Gegen diesen Beschluss richtet sich die Beschwerde der Einsprechenden.
Der geltende Patentanspruch 1 vom 17. September 2003 lautet:
"Speicherprogrammierbare Steuerung (SPS) mit nur einer Zentraleinheit (2) und mehreren über wenigstens einen Buskoppler
(4) und wenigstens einen Eingabe/Ausgabe(E/A)-Bus (5) anschließbaren E/A-Geräten (6), wobei alle diese Komponenten
(2, 4, 5, 6) Bestandteile einer einkanaligen Standard-SPS (1)
sind, dadurch gekennzeichnet, daß die SPS (1) durch nachstehende Ergänzungen zu einer sicherheitsgerichteten SPS ertüchtigt ist:
a) an den E/A-Bus (5) sind spezielle sicherheitsgerichtete E/A-
Geräte (7) angeschlossen, die intern zweikanalig aufgebaut
sind und selbsttätig einen Vergleichstest zwischen ihren Kanälen sowie zusätzliche Eigentests durchführen, und
b) die Zentraleinheit (2) ist allein durch sicherheitsgerichtete
Programm-Module ergänzt zur Durchführung sicherheitsgerichteter Funktionen, die sich auf sicherheitsgerichtete Anwenderfunktionen und zumindest auf eine zur Eigenüberwachung der sicherheitsgerichteten E/A-Geräte (7) redundante Überwachung der sicherheitsgerichteten E/A-Geräte
(7) beziehen, sowie auf eine Selbstüberwachung der Zentraleinheit (2)."

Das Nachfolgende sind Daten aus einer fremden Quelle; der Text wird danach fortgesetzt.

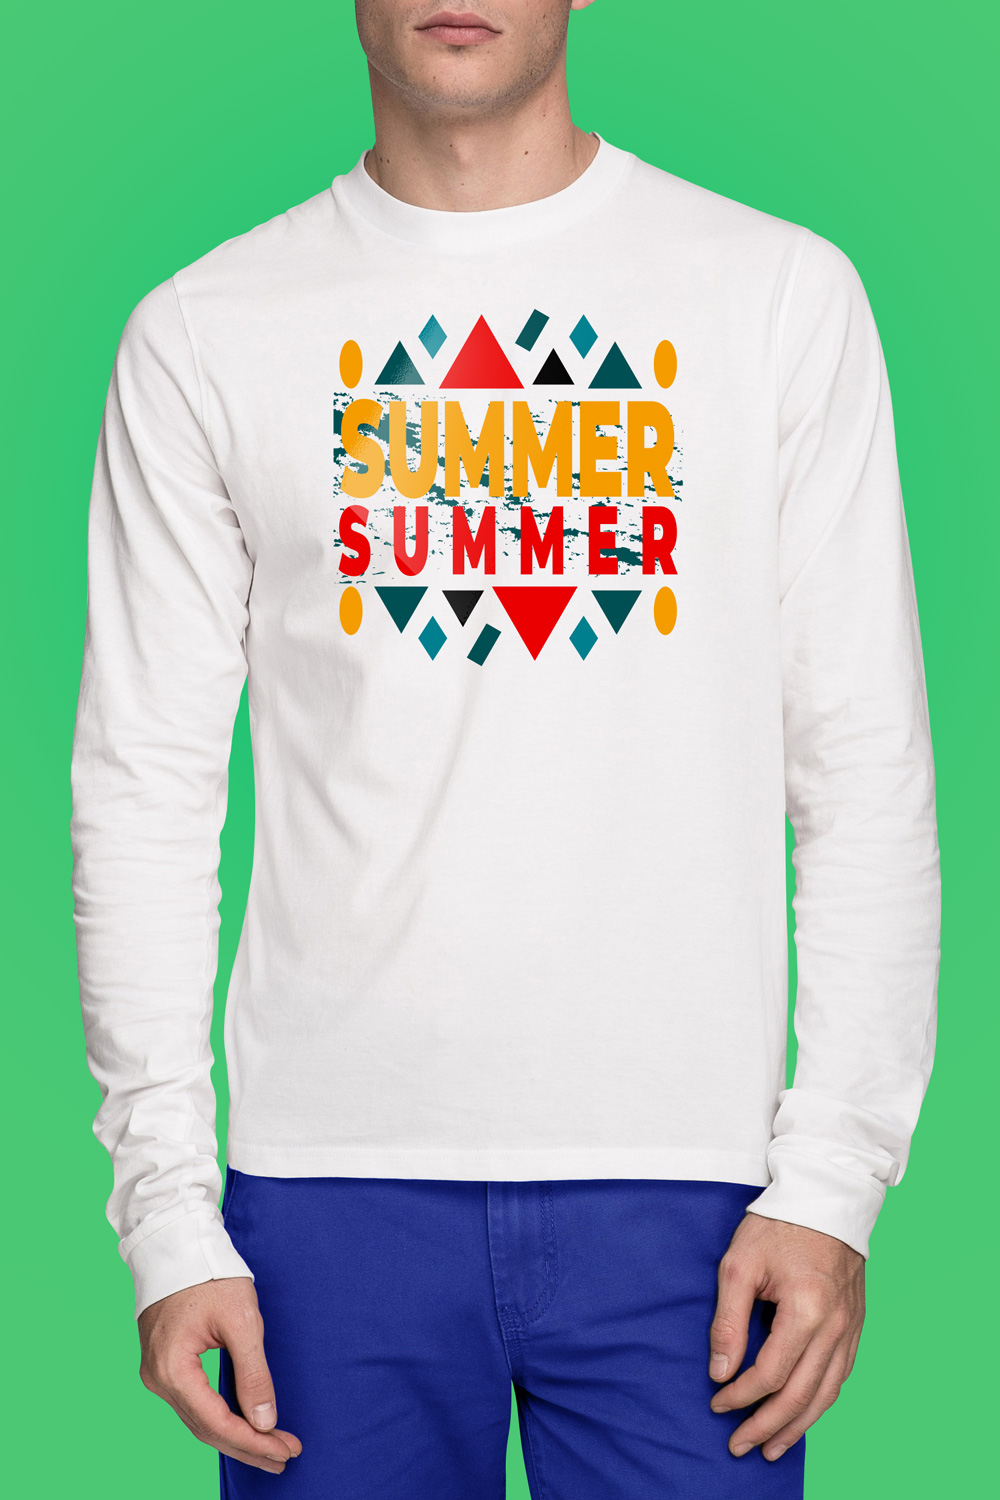 Summer t-shirt design pinterest preview image.

Es soll die Aufgabe gelöst werden, ein sicherheitsgerichtetes, speicherprogrammierbares Steuerungssystem zu schaffen, das nicht für Prozesse geeignet zu sein
braucht, bei denen der sichere Zustand nicht durch Abschalten erreicht werden
kann und bei denen es auf eine erhöhte Verfügbarkeit ankommt (Sp 1 Z 67 bis
Sp 2 Z 4 der geltenden Beschreibung).
Die Einsprechende ist der Ansicht, aus der deutschen Offenlegungsschrift
38 35 522 sei die dem Patentgegenstand zugrunde liegende Aufgabe sowie die
Merkmalskombination zur Lösung dieser Aufgabe bekannt. Die Ausführung von sicherheitsgerichteten, intern zweikanalig aufgebauten E/A-Geräten derart, dass
diese selbsttätig einen Vergleichstest zwischen ihren Kanälen sowie zusätzliche
Eigentests durchführten, sei zum Zeitpunkt der Erfindung eine fachübliche Maßnahme
gewesen. Sie
verweist
hierzu
auf
die Deutsche Norm:
DIN V VDE 0801/01.90 "Grundsätze für Rechner in Systemen mit Sicherheitsaufgaben", Seiten 2 bis 6, 18, 37, 64 bis 109. Der Gegenstand des Patentanspruchs 1 beruhe daher auf keiner erfinderischen Tätigkeit.
Sie stellt den Antrag,
den angefochtenen Beschluss aufzuheben und das Patent zu
widerrufen.
Die Patentinhaberin stellt den Antrag,
die Beschwerde zurückzuweisen mit der Maßgabe, das Patent
mit folgenden Unterlagen aufrechtzuerhalten:
- Beschreibung und Patentansprüche vom 17. September 2003;
- Zeichnung gemäß Patentschrift.
Sie meint, in der DIN-Norm aaO würde lediglich die funktionale Sicherheit von
Rechnern, die in technischen Systemen Einfluss auf die Abwendung von Gefahren
hätten, somit in Systemen mit Sicherheitsaufgaben, behandelt. Außerdem würden
dort keine konkreten Lösungen für speicherprogrammierbare Steuerungen entsprechend der in der Patentschrift gestellten Aufgabe beschrieben. Der Gegenstand des Patentanspruchs 1 sei neu und beruhe auch auf einer erfinderischen
Tätigkeit, da der Stand der Technik keinen Hinweis auf eine anspruchsgemäße
speicherprogrammierbare Steuerung gebe.
Wegen weiterer Einzelheiten wird auf den Akteninhalt verwiesen.
II
Die zulässige Beschwerde hat keinen Erfolg, da die speicherprogrammierbare
Steuerung des Patentanspruchs 1 patentfähig ist.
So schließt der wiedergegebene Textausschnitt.